AgentBOM always writes:

- `agentbom.json`: machine-readable findings
- `agentbom.md`: human-readable review report

Optional reports:

| Flag | Output | Use |
| --- | --- | --- |
| `--html` | `agentbom.html` | self-contained offline report for humans |
| `--mermaid` | `agentbom.mmd` | GitHub-native attack surface graph |
| `--sarif` | `agentbom.sarif` | GitHub code scanning and SARIF consumers |
| `--cyclonedx` | `agentbom.cdx.json` | package ecosystem inventory workflows |

The report guide explains how to read the findings:
[`docs/report-guide.md`](docs/report-guide.md).
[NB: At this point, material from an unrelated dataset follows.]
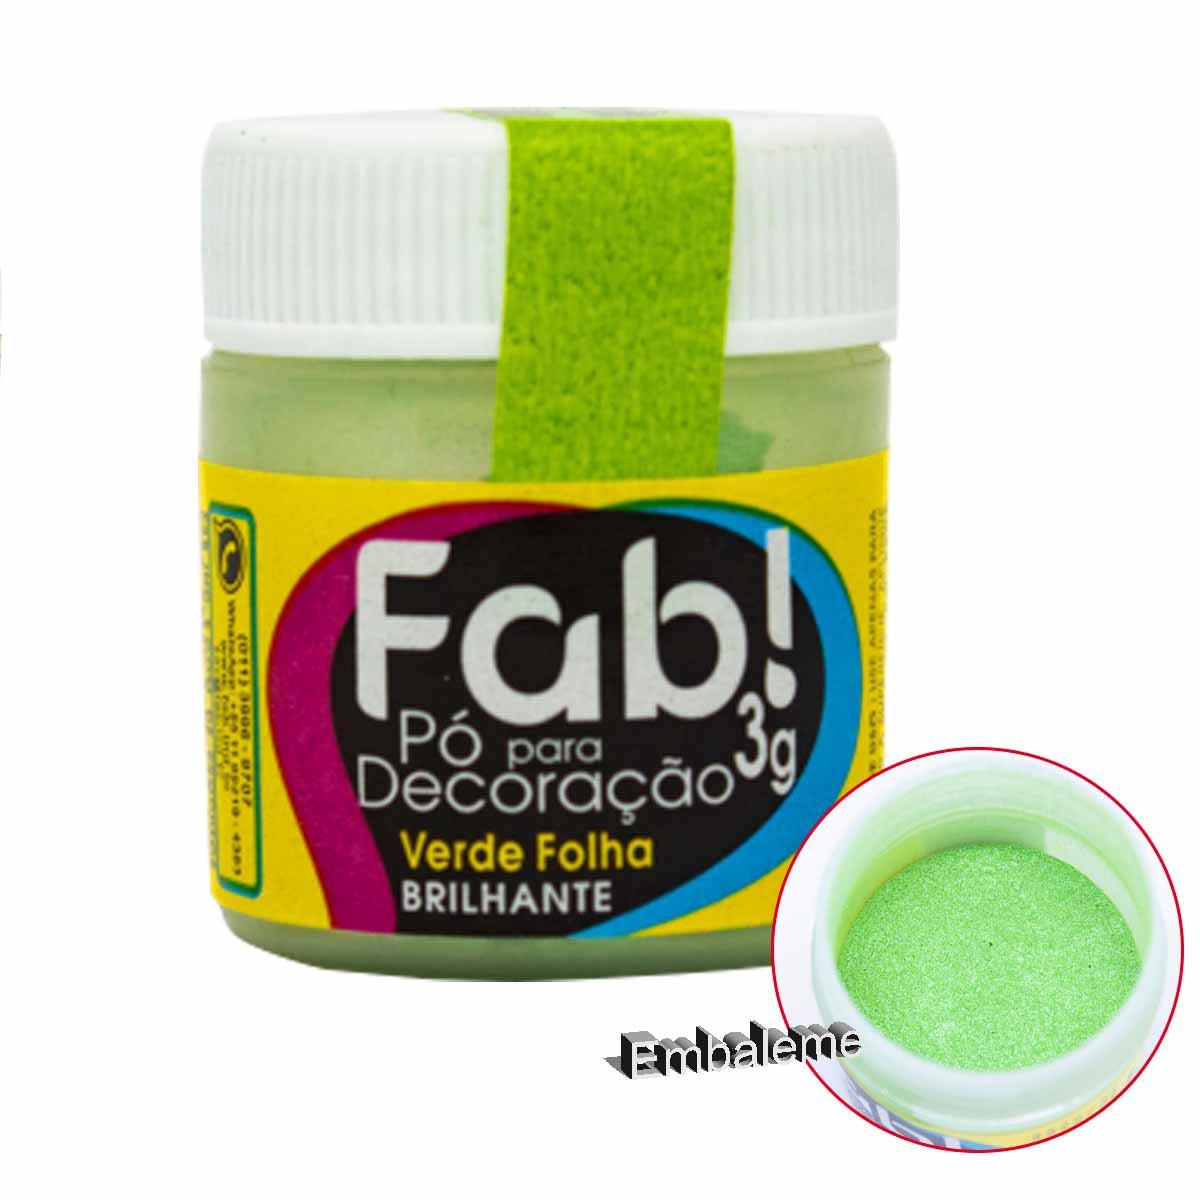 Pó para Decoração Verde Folha 3g FAB

Diff-aware scans compare the current report with a baseline JSON report and
classify tracked findings as introduced, resolved, or unchanged:

```bash
agentbom scan . --baseline agentbom-baseline.json --fail-on-new high --sarif --html --pretty
```

`--fail-on-new` accepts `low`, `medium`, `high`, or `critical`. It only evaluates
new providers, capabilities, MCP servers, secret references, and policy findings
introduced since the baseline.

## Architecture

AgentBOM uses a deterministic static-analysis pipeline:

![AgentBOM architecture flow](docs/assets/architecture-flow.svg)

```mermaid
flowchart LR
  files[Repository files] --> filter[Text and size filter]
  filter --> detectors[Pattern detectors]
  detectors --> reachability[Reachability inference]
  reachability --> risk[Risk and policy scoring]
  risk --> reports[JSON, Markdown, HTML, Mermaid, SARIF]
```

Core concepts:

- Providers: AI service vendors or runtime providers.
- Models: concrete model identifiers found in code or configuration.
- Frameworks: agent and orchestration libraries.
- Capabilities: static evidence of sensitive actions.
- Reachable capabilities: actor-to-capability relationships with risk and
  confidence.
- Policy findings: missing controls or custom policy violations.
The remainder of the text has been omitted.